I'm trying to use UMI-tools to analyze a paired end scRNA seq and could use a little insight. Two, 96-well plates were used with an 8 base pair cell barcode and an 8 base pair UMI added to the 5' end of the read1 sequences and a plate index was added to the to the 5' end of the read2 sequences. The plate index was added so that all the sequencing data could be pooled but which plate each cell came from could be determined. The cells in the first plate received the plate index 5' ATTACTCG 3' and the second plate received 5' TCCGGAGA 3'. I successfully created the whitelist.txt with cell barcodes and UMIs from hgmm_100_R1.fastq but am not sure how to get the plate indices out. Is there anyway that UMI-tools can help me extract this data in addition to the UMIs and cell barcodes? If not, does anyone have any recommendations?

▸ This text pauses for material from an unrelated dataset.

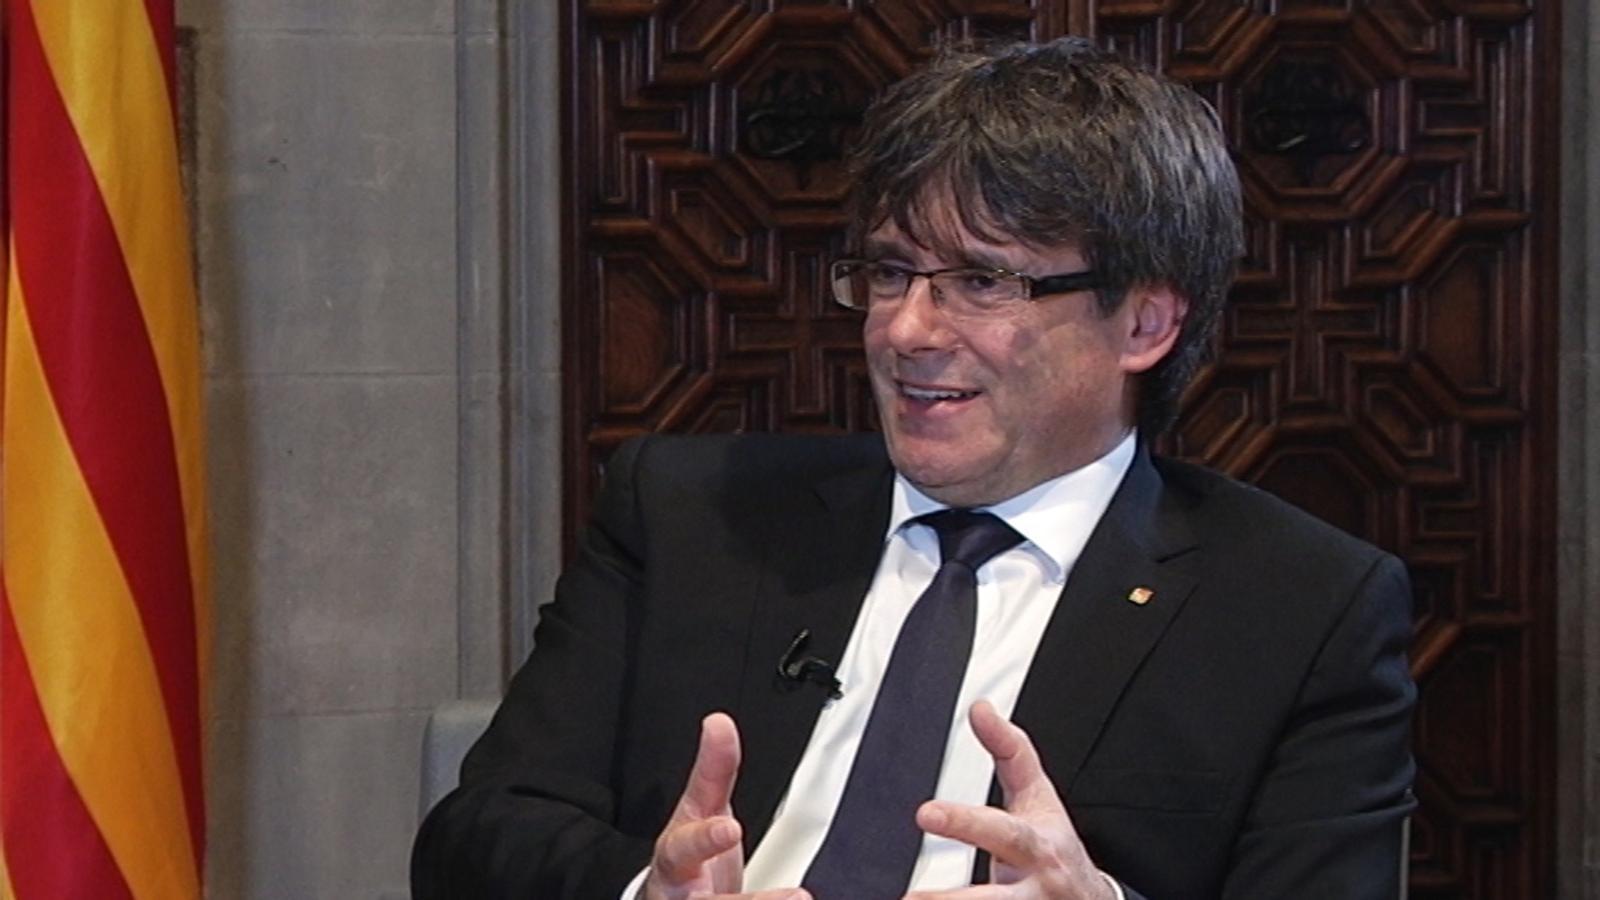 """Carles Puigdemont: """"Estaria disposat a participar en un debat cara a cara amb Mariano Rajoy al Congrés"""""""

Thanks so much, I'm a novice at single-cell sequencing and could use some help!

TomSmithCGAT commented 7 years ago

Hi @justincg327, just to make sure I understand you correctly, your barcodes take the form

read1 - CCCCCCCCNNNNNNNNXXX.... read2 - PPPPPPPPXXX...

where C = cell barcode, N = umi, P = plate, X=read sequence

I'm also assuming if you have used two 96-well plates that your whitelist should be a pre-defined set of 96 possible cell barcodes.

If this is all correct, the easiest thing to do would be to treat the plate barcode as part of the cell barcode. Since your plate barcode is in the second read, if you take each of the 8bp 96 possible cell barcodes and append the two plate barcodes, this will give you 192 possible 16bp cell-plate barcode combinations you expect to see. You can then run the command below to extract the barcodes and filter against your whitelist, replacing the parts in "[ ]".

umi_tools extract --stdin=[in_fastq.1] --read2-in=[in_fastq.2] --bc-pattern=CCCCCCCCNNNNNNNN --bc-pattern2=CCCCCCCC -L [out.log] --read2-out=[out_fastq.2] --filter-cell-barcode --whitelist=[whitelist.tsv] > [out_fastq.1]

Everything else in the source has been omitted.